A centralised body with similar authority to the US Food and Drug Administration (FDA) has been proposed by healthcare reform advocates in the European Commission and European Parliament. This is a measure which has been blocked numerous times by industry lobbyists, according to the ICIJ.
For more than two decades, the EU has allowed private, for-profit certification boards known as ‘notified bodies’ to approve high-risk medical devices. These notified bodies are often paid by the med tech companies themselves and will approve devices which haven’t undergone clinical trials in humans.
Presently, the EU’s main stamp of product safety for medical devices is the ‘Conformité Européenne’ or CE mark, a small logo printed on the packaging of certified products. The CE mark is found on many consumer goods sold across Europe, including leggings, children’s toys and wine glasses.
Australia has launched a major enquiry into medical device oversight
Australia’s Therapeutic Goods Administration (TGA) is aiming to tighten the regulation surrounding the means by which medical devices enter the Australian market. The TGA plans to strengthen post-market monitoring and publish more information about how decisions are made when regulating high-risk devices to increase patient transparency.
At present, TGA assesses select medium-risk devices and subjects high-risk devices to a detailed audit. Low-risk devices in developed in Australia can be self-certified for human use by the manufacturer.
Australia is now planning to examine just how appropriate self-certification is for so-called low-risk devices and is inviting stakeholders to comment on whether or not assessment by TGA should be mandatory for medium-risk device.
The administration is also planning to develop a specialist division to evaluate emerging technologies, and intends to examine how clinical trial results supporting the safety and efficacy of medical devices will translate into practical use of the product in the real world.
TGA will also be stepping up on tracking medical device failures, aiming to work with the healthcare sector to develop a system of rapidly sharing information regarding safety problems. It is also looking into a mandatory system of self-reporting malfunctions of medical devices.
Decisions on any changes to the Therapeutic Goods Act, under which TGA is established, will need to be vetted by the Australian parliament before being put into practise.
Health Canada will be updating its safety review of breast implants
Health Canada will be updating its safety review of breast implants following increased reports of breast implant-associated anaplastic large cell lymphoma (BIA-ALCL) in Canadian patients, and plans to suspend sales of certain implants.
BIA-ALCL is a serious but rare type of non-Hodgkin lymphoma. It is not a cancer of the breast tissue but affects the immune system, and can develop years after the implantation procedure. BIA-ALCL typically presents as an accumulation of a fluid known as seroma fluid, which builds up between the implant and the surrounding tissue. It occurs with both saline and silicone implants.

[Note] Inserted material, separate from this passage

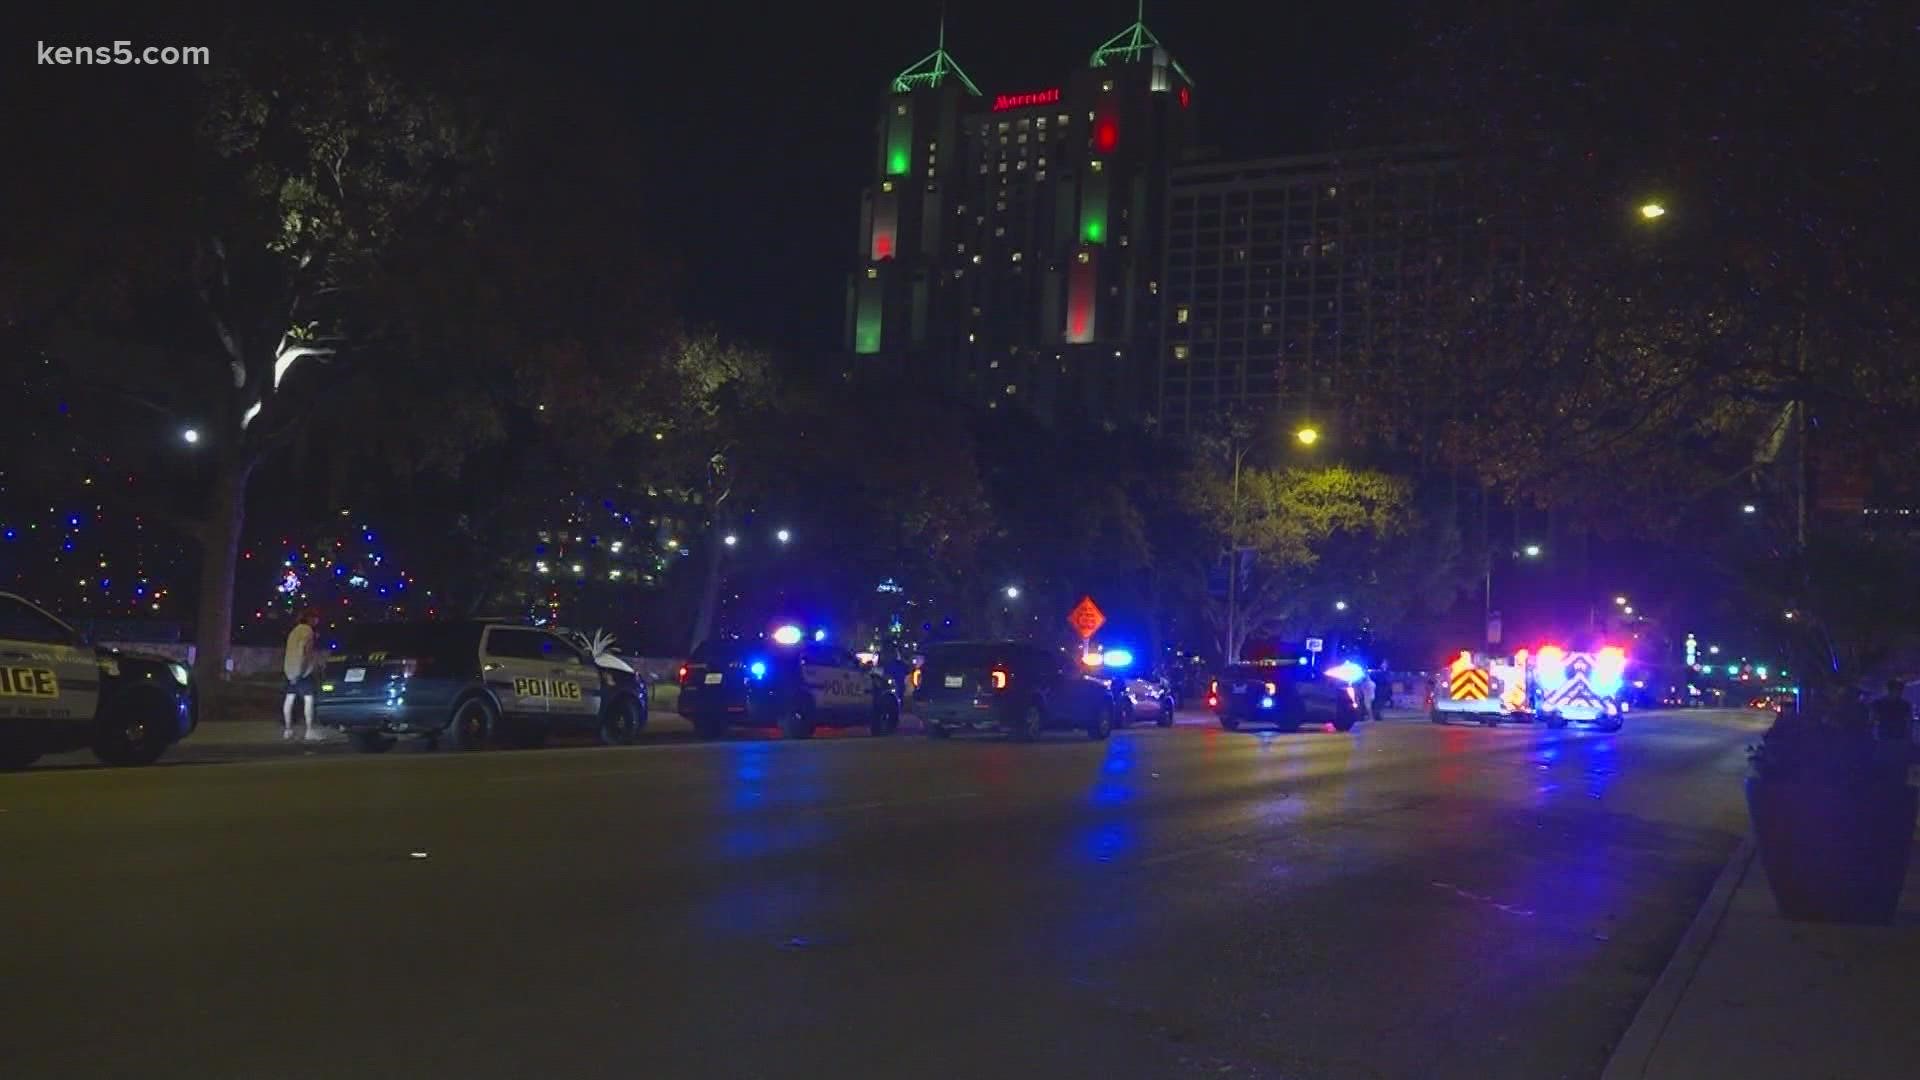 Officers responded to a call for a shooting around 12:30 a.m. at Market Street and Alamo Street in downtown San Antonio.

Allergan Biocell textured breast implants have been linked to BIA-ALCL, as well as cognitive issues, fatigue and muscle pain. They are defined by their rough, sandpaper-like surface, which enables them to adhere to the tissue which surrounds them and prevents them from moving around within the implant pocket.

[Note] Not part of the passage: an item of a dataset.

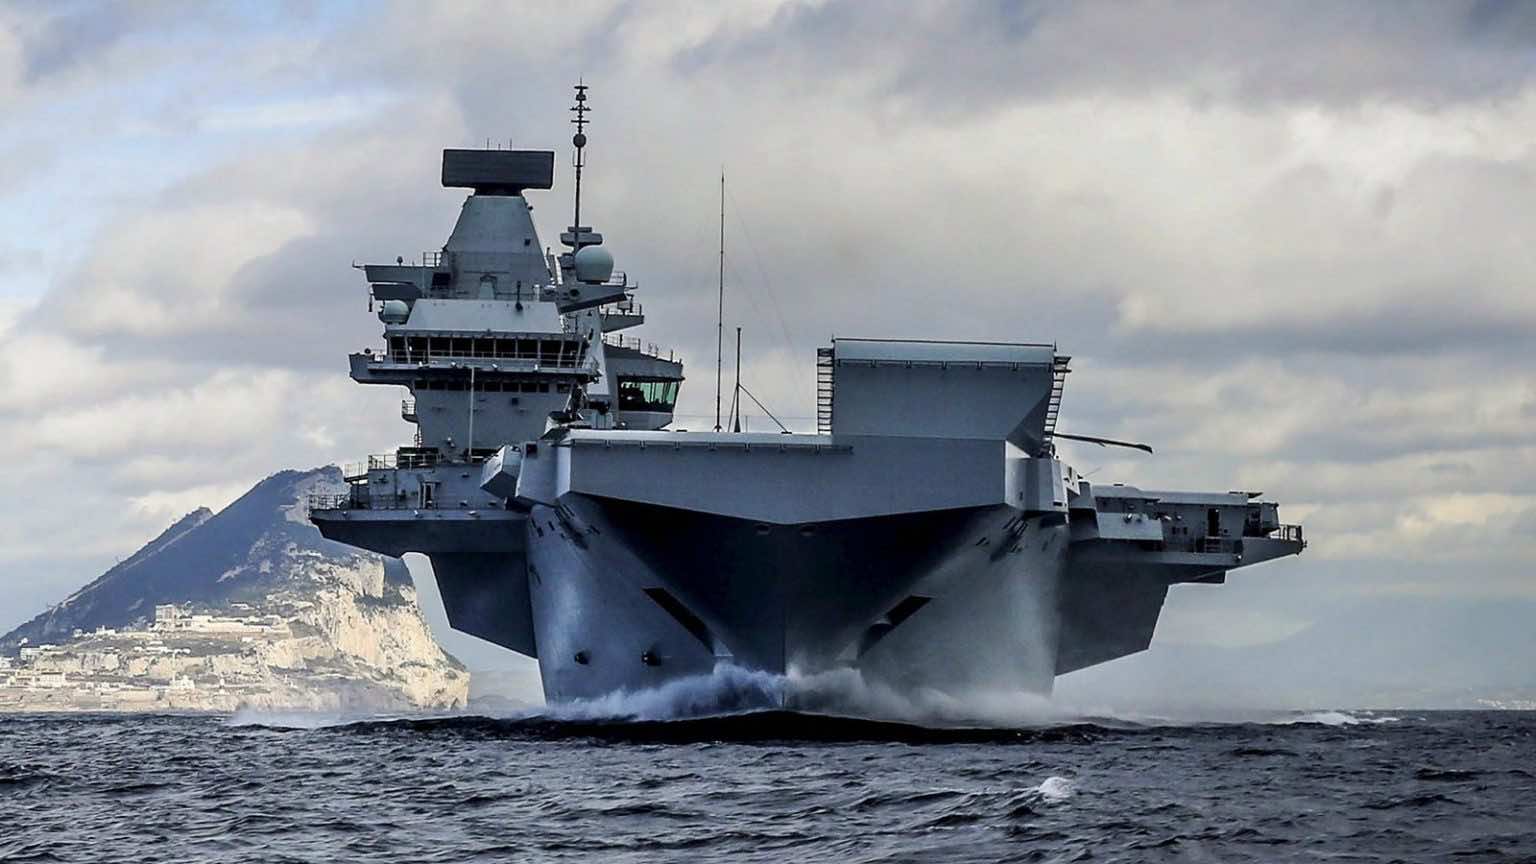 The Flagship Aircraft Carrier Of The Royal Navy: HMS Queen Elizabeth

Their sale in Canada is now under review following substantial evidence linking the implants to serious complications – of 28 confirmed cases of BIA-ALCL in Canadian patients, 86% involved the Allergan Biocell breast implant.
On 4 April 2019, Health Canada gave Allergen 15 days to submit evidence supporting the retention of the product on the Canadian market, which was received on 17 April. Decisions relating to the licensing of the implants will be made once a review of this evidence is complete.